Les marelles s’installent sur la promenade du bas-port Gillet

Depuis le début de la semaine dernière, les neuf marelles de Meschac Gaba sont en cours de fabrication. Elles prennent place sur le nouveau tronçon de la promenade du bas-port Gillet, ouverte depuis février dernier. D’ici mi mai, l’œuvre de l’artiste – Le jeu de la vie – sera complète !

Retour sur les étapes de fabrication, en compagnie de Stéphane Perez Spiro, mosaïste de la Croix-Rousse qui réalise les marelles…

 

L’artiste Meschac Gaba a imaginé 10 marelles de formes différentes.
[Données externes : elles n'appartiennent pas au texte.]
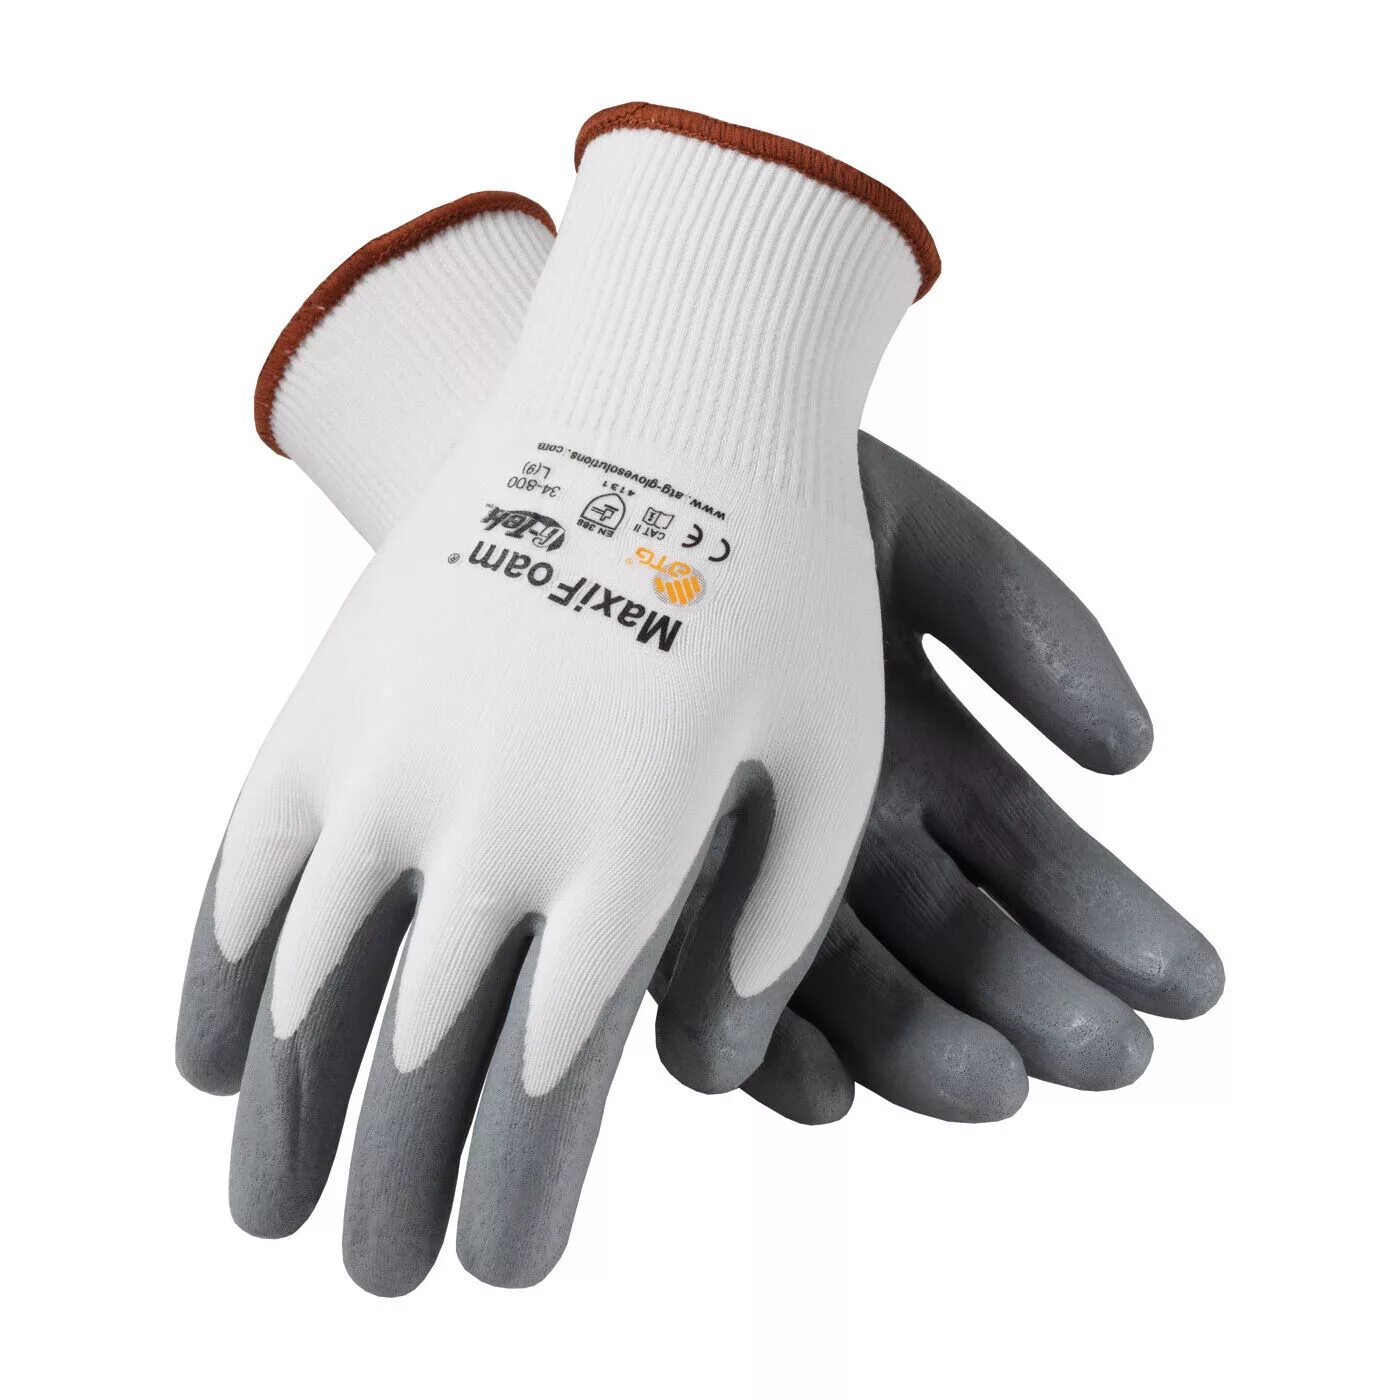 Строительные перчатки купить. Перчатки нитрил строительные. 92-013 Рабочие перчатки Ergo (размер: 9/l). Gloves, Cut Resistant, Size - l, Nitrile, Palm-Dipped, Polyester, nylon, 13 gg 8 размер. Перчатки вспененный нитрил.
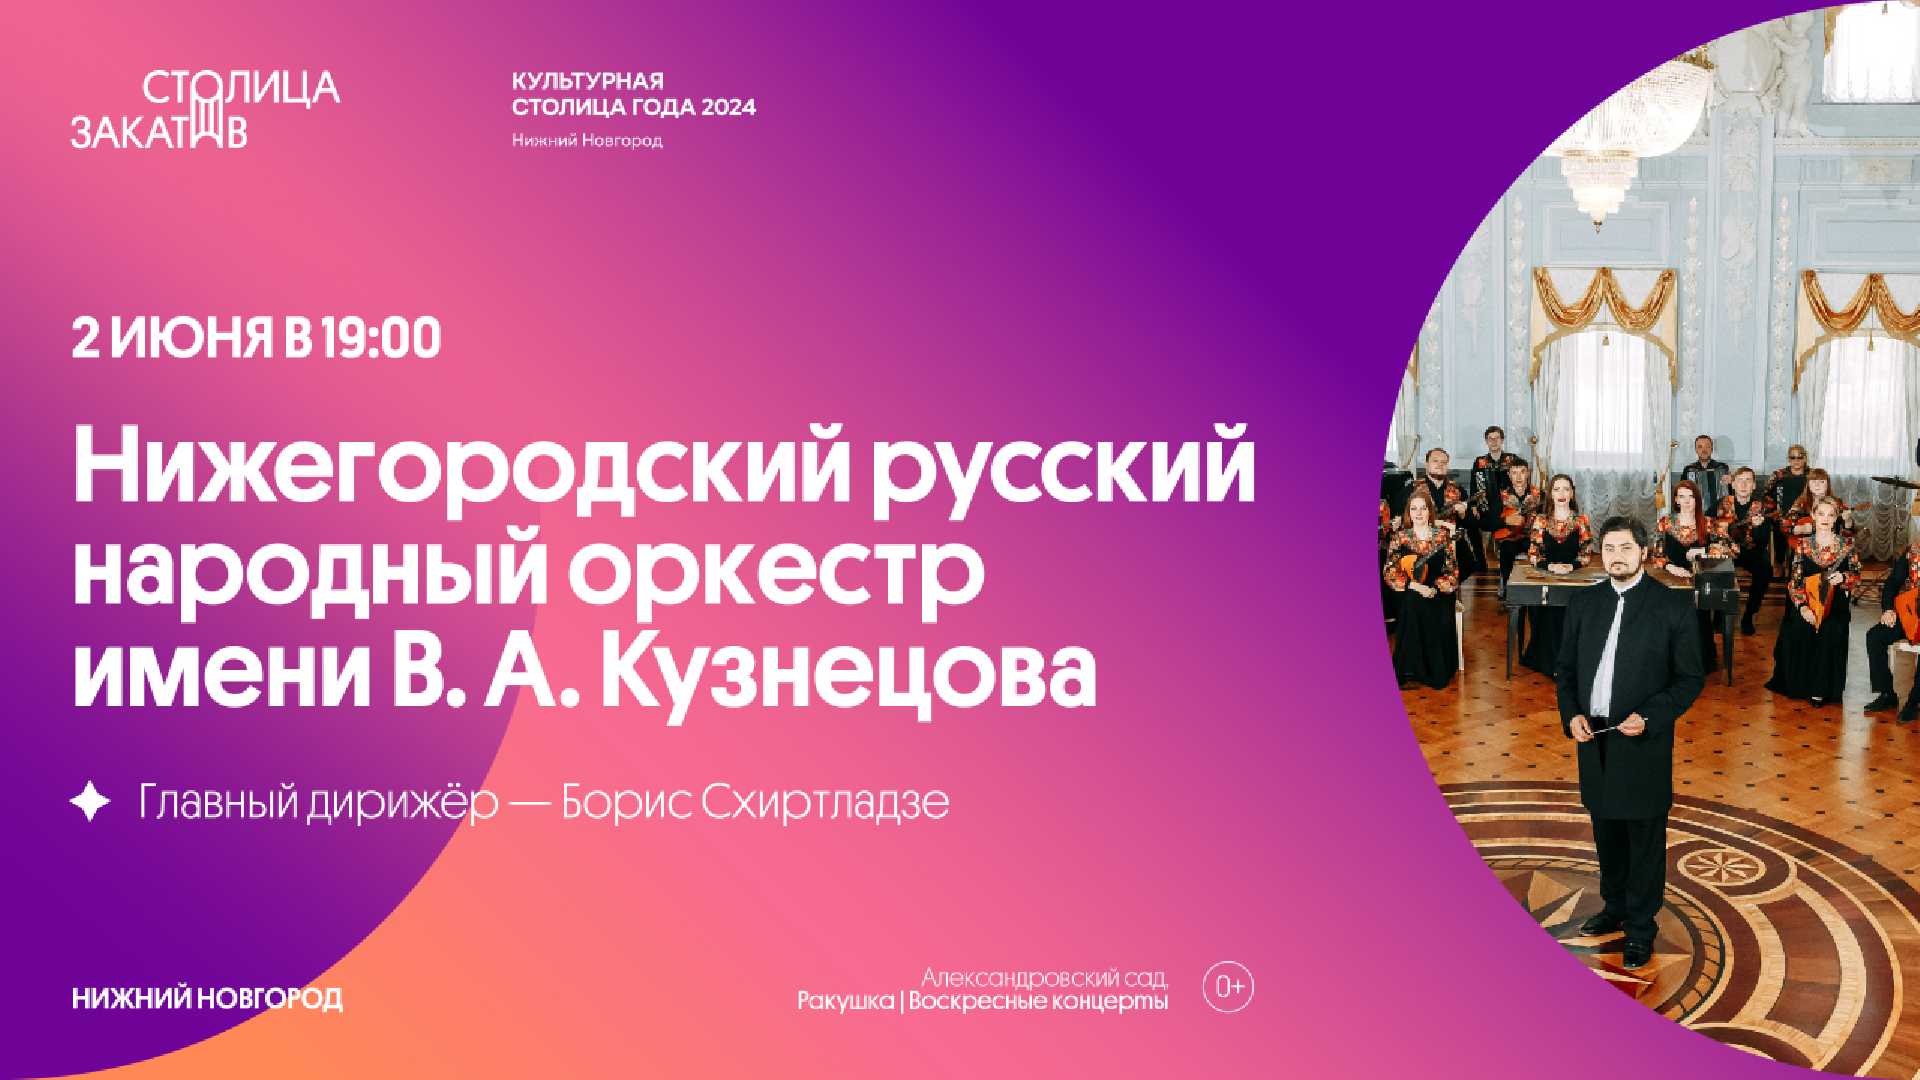 nizhegorodsky-russky-narodny-orkestr-im-va-kuznetsova-2

Seule la marelle « cœur » est visible depuis septembre 2013. Réalisées par Stéphane Perez Spiro, les mosaïques qui composent les cases de chaque marelle ont été fabriquées et pré-montées dans son atelier.

M. Gaba et S. Perez-Spiro dans l'atelier du mosaïste © Grand Lyon

Fabrication des mosaïques en atelier © J. Léone

 

 

 

 

 

 

 

 

 

 


 

Sur site, un béton est disposé dans l’emplacement qui a été réservé aux marelles lors de l’aménagement. Ce béton permettra de positionner minutieusement chaque mosaïque et de caler les tessons qui la composent.

Préparation de la case de la marelle avant pose de la mosaïque © J. Léone

Préparation de la case de la marelle avant pose de la mosaïque © J. Léone

 

 

 

 

 

 

 

 

 

 


 

Une fois la mosaïque bien positionnée, le papier qui permettait de tenir les tessons est retiré. Le béton qui maintien désormais l’intégralité de la mosaïque est aplani.

Ajustement de la mosaïque © J. Léone

Ajustement de la mosaïque © J. Léone

 

 

 

 

 

 

 

 

 

 


 

Les cases de la marelle sont ensuite remplies d’un béton au granulat très fin, recouvrant ainsi les mosaïques. Ce béton permet de remplir les interstices entre les tessons, formant ainsi les joints de la mosaïque. Il devra sécher pendant environ 15 jours avant d’être poli pour révéler les mosaïques.